Hi @tilal.ahmad after successfully convert the documents we are facing a new issue, it is not happening with all the paragraphs but with most of them, using the same sample files I’ve shared in other threads:

      <p style="margin-top: 0pt; margin-left: 27pt; margin-bottom: 0pt; font-size: 19pt; ">
        <span style="font-weight: bold">Walmart</span>
        <span style="font-weight: bold; letter-spacing: -0.5pt"> </span>
        <span style="font-weight: bold">Inc.</span>
        <span style="font-weight: bold; letter-spacing: -0.4pt"> </span>
        <span style="font-weight: bold">Takes</span>
        <span style="font-weight: bold; letter-spacing: -0.5pt"> </span>
        <span style="font-weight: bold">on</span>
        <span style="font-weight: bold; letter-spacing: -0.4pt"> </span>
        <span style="font-weight: bold; letter-spacing: -0.1pt">Amazon.com</span>
      </p>

the above HTML renders this text:

Walmart Inc. Takes on Amazon.com

in this html for every single space between words a <span> is created, is there a way to avoid that to happen and just create a <p> or <span> with the whole text?

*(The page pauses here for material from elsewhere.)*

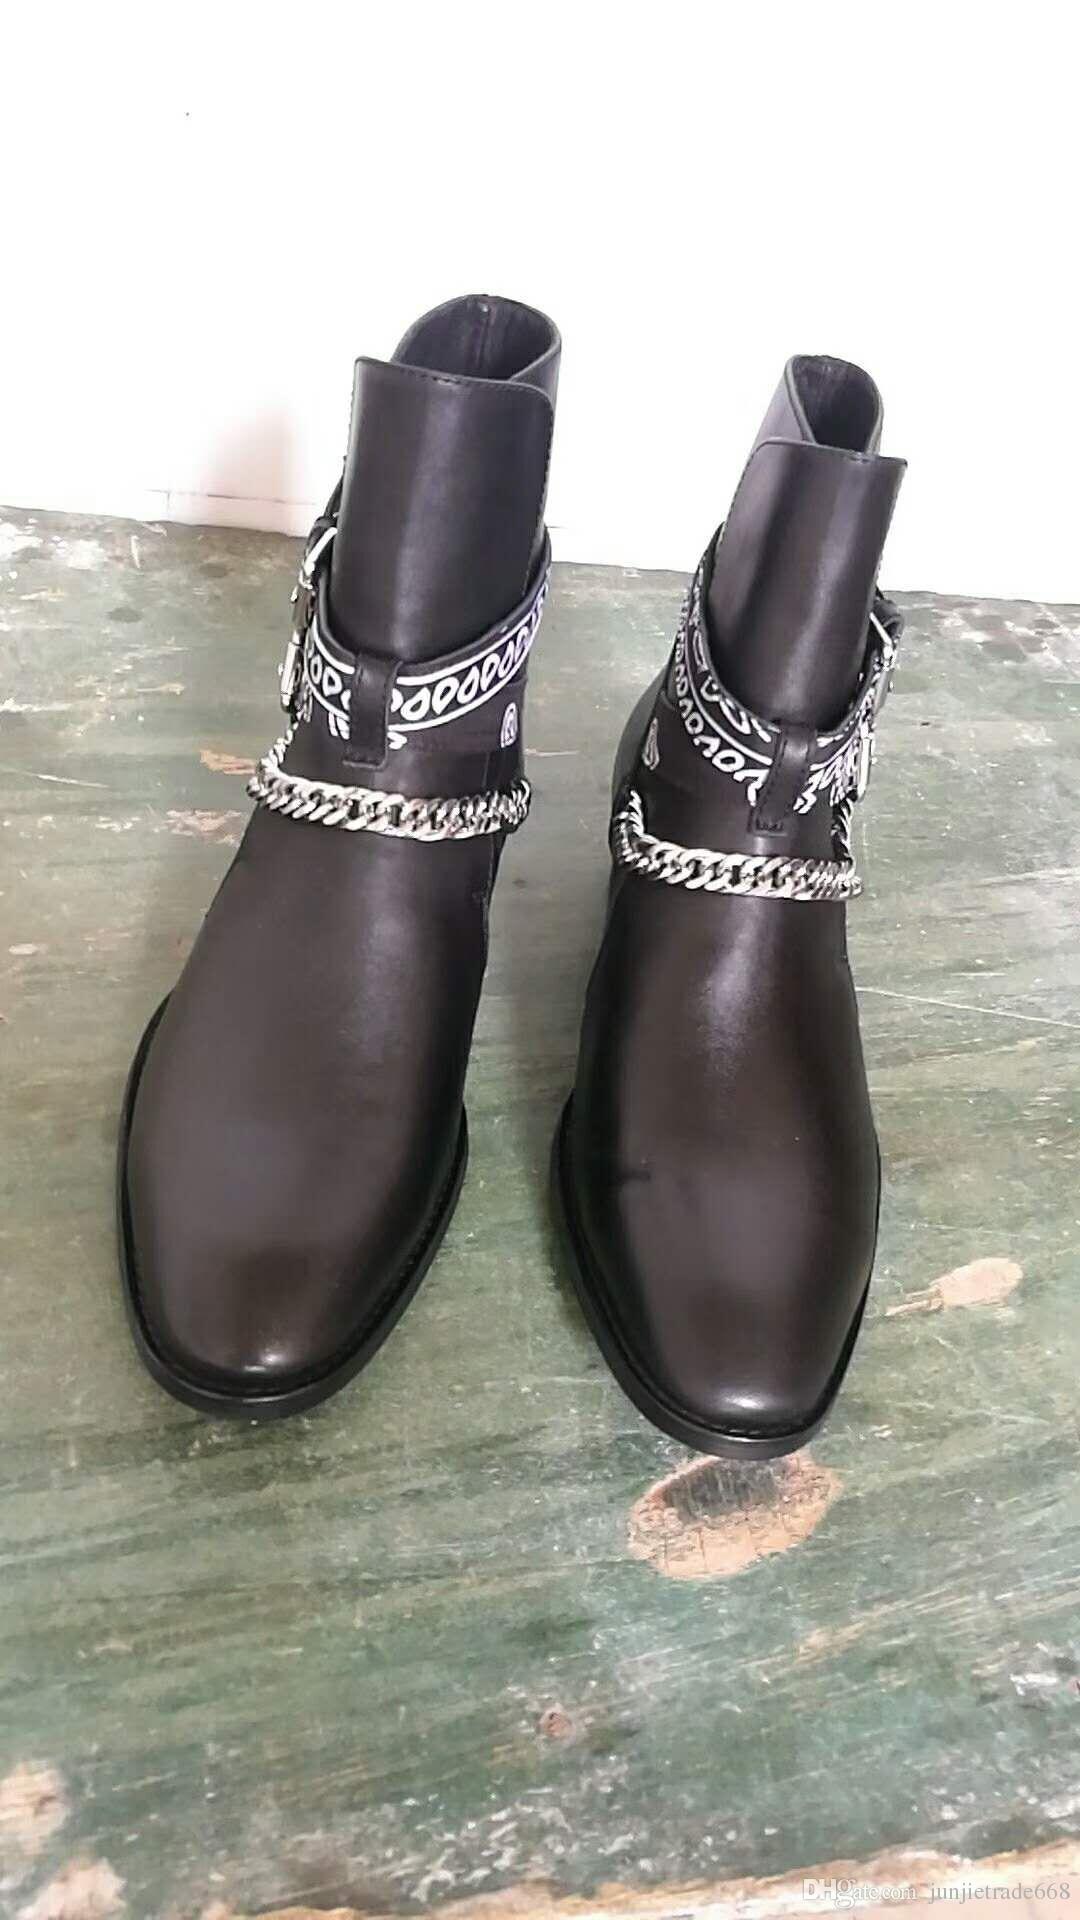 Liste des magasins d'usine nouvelle liste Angleterre bout pointu wyatt Chelsea hommes bottes Boucle Strap slp cheville luxe daim cowboy slp bottes

The document looks very good, but the thing is that we have a feature that allows the users to highlight content from it, and with this new HTML structure that feature is failing.

@altose87

It seems an expected result, because when I convert your Word document to HTML using MS Word, it adds each word as a separate .

1 Like

Hi @tilal.ahmad I want to ask you if you know of other aspose users having problems with selecting text to create highlights and if they had resolved it in any way.

I know this question has nothing to do with the library but we haven’t been able to find a solution for this feature yet.

@altose87

Can you please elaborate on what exact issue you are facing while highlighting the text in the current output HTML? We will check how we can help in this scenario.